Alexandre Lima Paixão
O Divã Acústico
A arte de Alexandre Lima Paixão é um território de intersecção. Não se trata de um artista que ocasionalmente reflete sobre a vida; trata-se de um psicanalista, sanitarista e filósofo que usa a tela como um divã. Sua formação multifacetada — da Filosofia pela Unicamp à Psicanálise Clínica e ao bacharelado em Saúde Pública pela USP — não é um currículo extenso, mas sim a metodologia que sustenta sua criação. Para Alexandre, o fazer artístico é um caminho para o acesso ao inconsciente, um processo íntimo e inédito que encontra em Salvador Dalí seu mestre inspirador.



A obra de Alexandre é o ponto de fuga onde a clínica encontra o surrealismo. Herdeiro de uma linhagem que vai de Freud a Dalí, passando pela angústia labiríntica de Kafka, o artista compreende que o inconsciente não tem forma, mas tem ritmo. E é esse ritmo — ora compassado, ora frenético — que ele materializa com o grafite e a tinta.
Ao sentar Nietzsche ao piano, Alexandre realiza um ato de justiça poética. Ele nos lembra que o filósofo do "eterno retorno" era também um compositor, o homem que declarou que "sem a música, a vida seria um erro". Na obra, o piano deixa de ser mobiliário para se tornar uma extensão do pensamento. As teclas, sob os dedos do pensador, parecem martelar acordes que não buscam a harmonia, mas a verdade. Há uma gravidade no traço, um claro-escuro que sugere que a música tocada ali não é para os ouvidos, mas para o espírito. Alexandre desenha o som do pensamento dionisíaco: pesado, profundo e inevitável.

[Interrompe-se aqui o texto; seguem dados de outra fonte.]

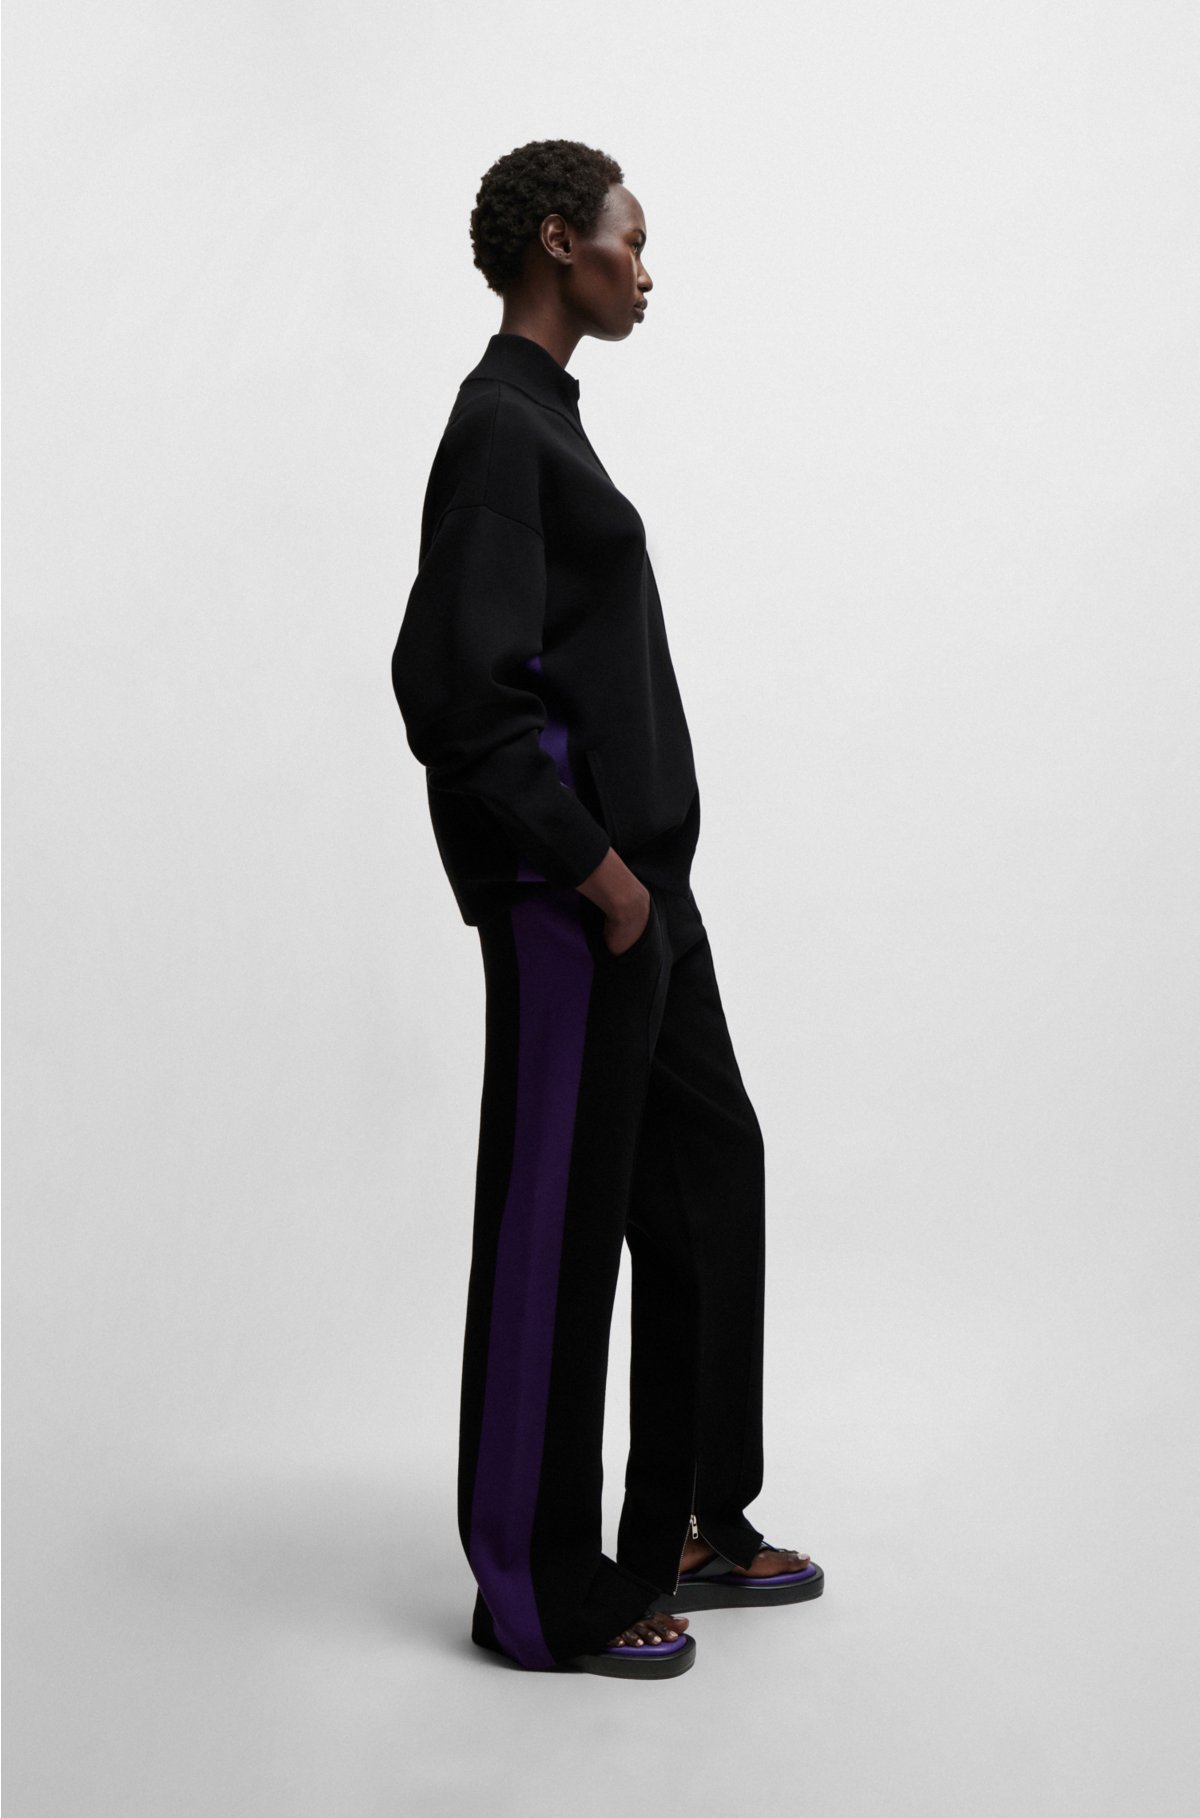 NAOMI x BOSS knitted trousers with contrast side stripe, Black

Se Nietzsche é a teoria do êxtase, Janis Joplin é a sua encarnação. No contraponto visual criado pelo artista, a "Rainha do Rock and Roll" surge não como ícone pop, mas como uma entidade de pura emoção crua. Alexandre captura o exato momento em que a voz rasga a garganta para se tornar blues. O traço aqui ganha outra volatilidade; é mais solto, mais líquido, talvez influenciado pela imprevisibilidade da aquarela ou pela precisão nervosa do nanquim. Ele pinta o grito. Ao contemplar a obra, é quase possível sentir a textura arenosa de sua voz e a vibração psicodélica que ela emanava. Janis, sob o olhar do psicanalista, é a exposição máxima da vulnerabilidade humana convertida em potência.